Soon, though, all the kids in the neighborhood were our friends. Our main sports were hunting and fishing. Gophers were fair game since the state paid ten cents a head bounty. In those days, wolves commanded a twenty-five dollar a head bounty. We weren’t that brave, but often thought how nice it would be to get a wolf. Another source of income was shooting blackbirds and pretending they were crows as the crows received a twenty-five cent bounty.
My first present for my twelfth birthday was a single shot .22 rifle. That seemed to be a rite of passage for farm kids in the area. The older boys indoctrinated us into the safety rules for rifles. There were a few accidents, but not with rifles--with dynamite caps. There were a lot of tree stumps to be blasted, so every farm had a supply of dynamite and dynamite caps. One of the boys was too adventurous and had a dynamite cap go off in his hand and take three of his five fingers. But when it came to catching gophers, he was a hero. One way to flush gophers out was to pour water in their hole and he knelt alongside the hole and grabbed the gophers as they ran out.
Yes, we had to go to school. The schoolhouse consisted of three rooms for first to eighth grade in the nearby town of Bennett, Wisconsin. Bennett was home to 213 people.

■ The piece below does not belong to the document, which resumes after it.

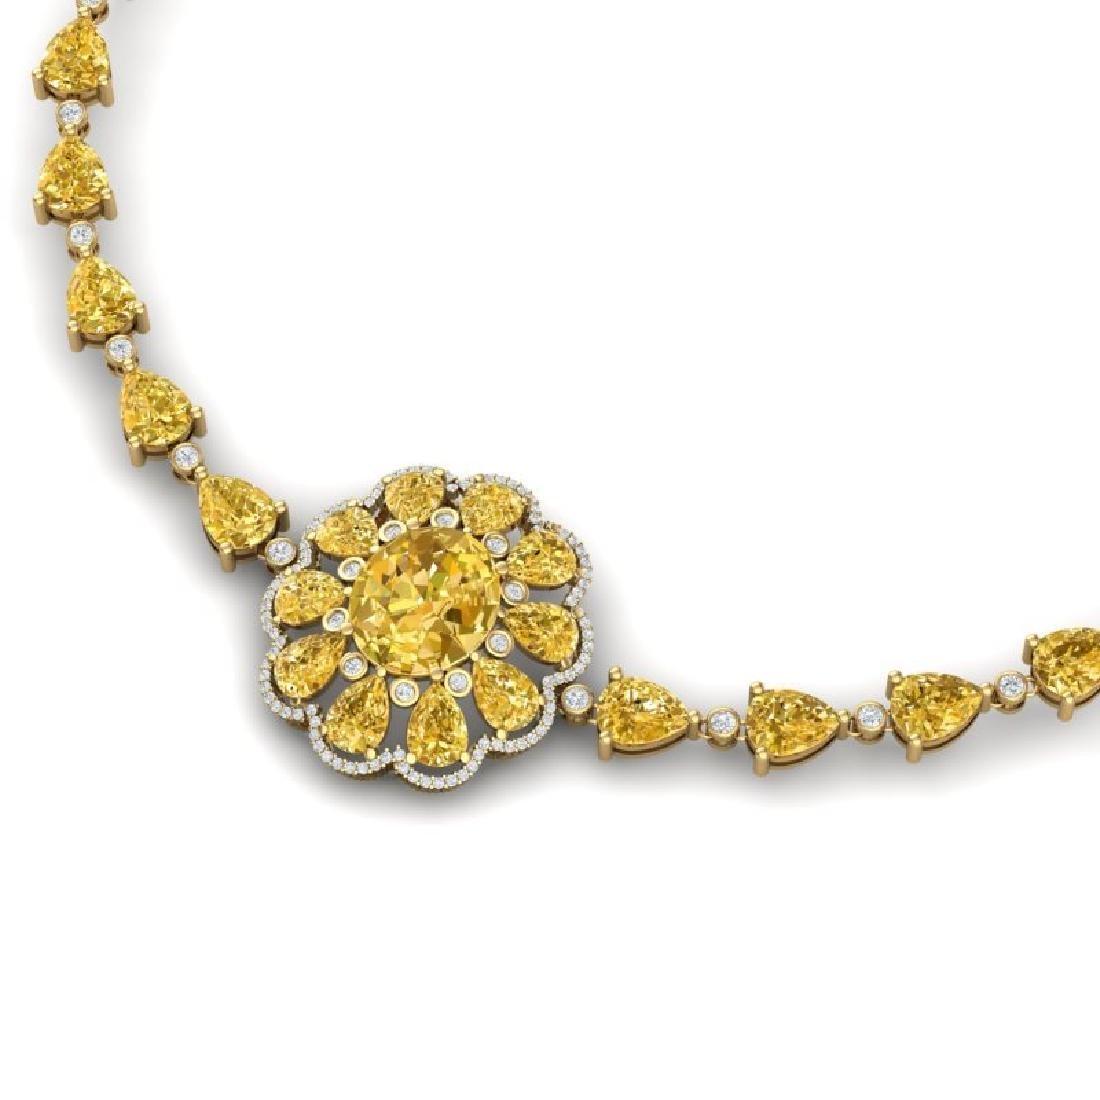 72.38 CTW Royalty Canary Citrine & VS Diamond Necklace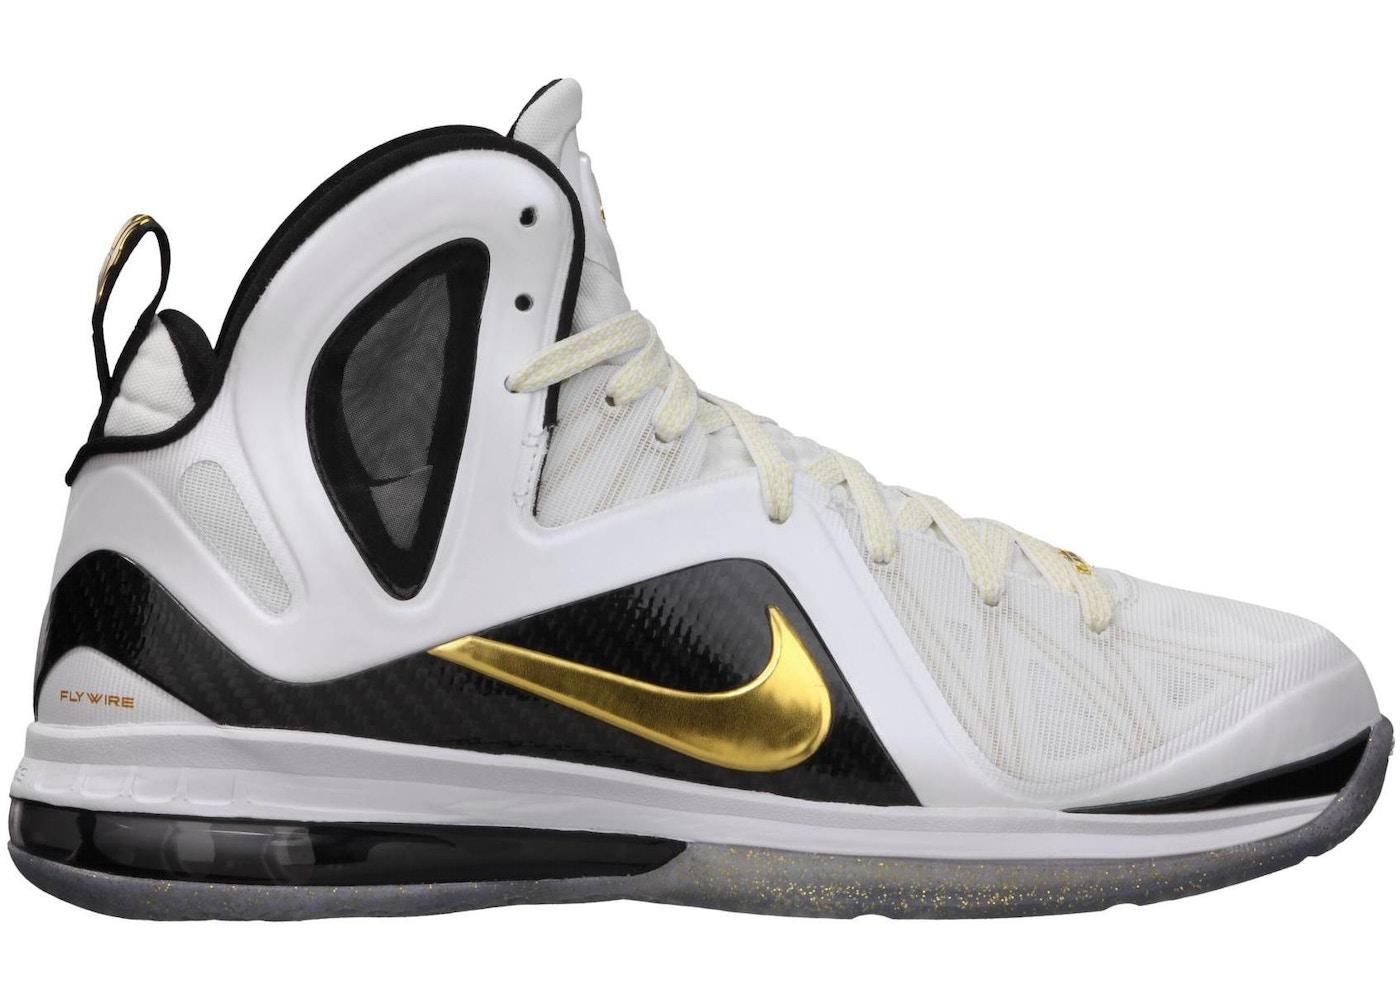 los angeles ad207 f5448 Nike LeBron 9 Shoes - Average Sale Price

The school bus was an old model T Ford pickup truck with planks across the edge to sit on and a plywood canopy on top.
After school there was much work to be done. Filling up the wood box, pumping water for the night, and on washdays pumping water for the washtub and shaving soap for the laundry. Back in those days, people didn’t buy soap powder; they shaved a bar of white soap into soap powder. Except for the mailman, and the road grader, we didn’t see many people. My mother welcomed the Watkins man every other week and we purchased only one pound of coffee. The mailman came every weekday in his model T Ford delivering the paper, which was our only source of news as we did not have television or a telephone.
We lived on the farm with our faithful dog Sandy, who was part beagle, part poodle. We called him Sandy because the mother-in-law of the man who drew Little Orphan Annie gave him to us while we were living in Chicago. Sandy loved to accompany us on our hunting trips. Another varmint we used to shoot were woodchucks. Sandy was an excellent woodchuck hunter.
My mother grew up on a farm herself. She was an excellent cook and seamstress. She made excellent bread from fifty-pound sacks of flour that were stored in our kitchen. In addition, she canned much of our vegetables and berries. Besides that, we had a root cellar where we stored the potatoes, cabbages, rutabagas, and carrots for the winter.
The village consisted of one church, one school, and the general store. One of the biggest sources of entertainment was the local church, which conducted services on Sundays and Wednesdays. It was a Presbyterian church, but everyone in town came because it was the only one (except for the Catholics, of course.) Our family was Norwegian Lutheran. The church hosted chicken dinners, which normally cost 35¢ but I received a free chicken dinner for hauling firewood. The food was rich: roasted chicken, lots of mashed potatoes, peas and carrots, and pie. In addition, the PTA of the school had Bunco parties every few weeks, and many kids and all the parents came to it. They would serve cake and coffee. One man in town could play the accordion, so he was a source of entertainment at PTA meetings. His musical act was called “Jakey and his Acordine.”
This all ended when we moved into the city so that I could go to high school. This move was not as much of a shock as the previous one. Most people in Superior were of the same economic class and were predominantly Scandinavians. Now that I am really old I still remember the fun I had growing up in Bennett, Wisconsin. This experience of growing up in the country with minimum comforts and no frills has shaped my life.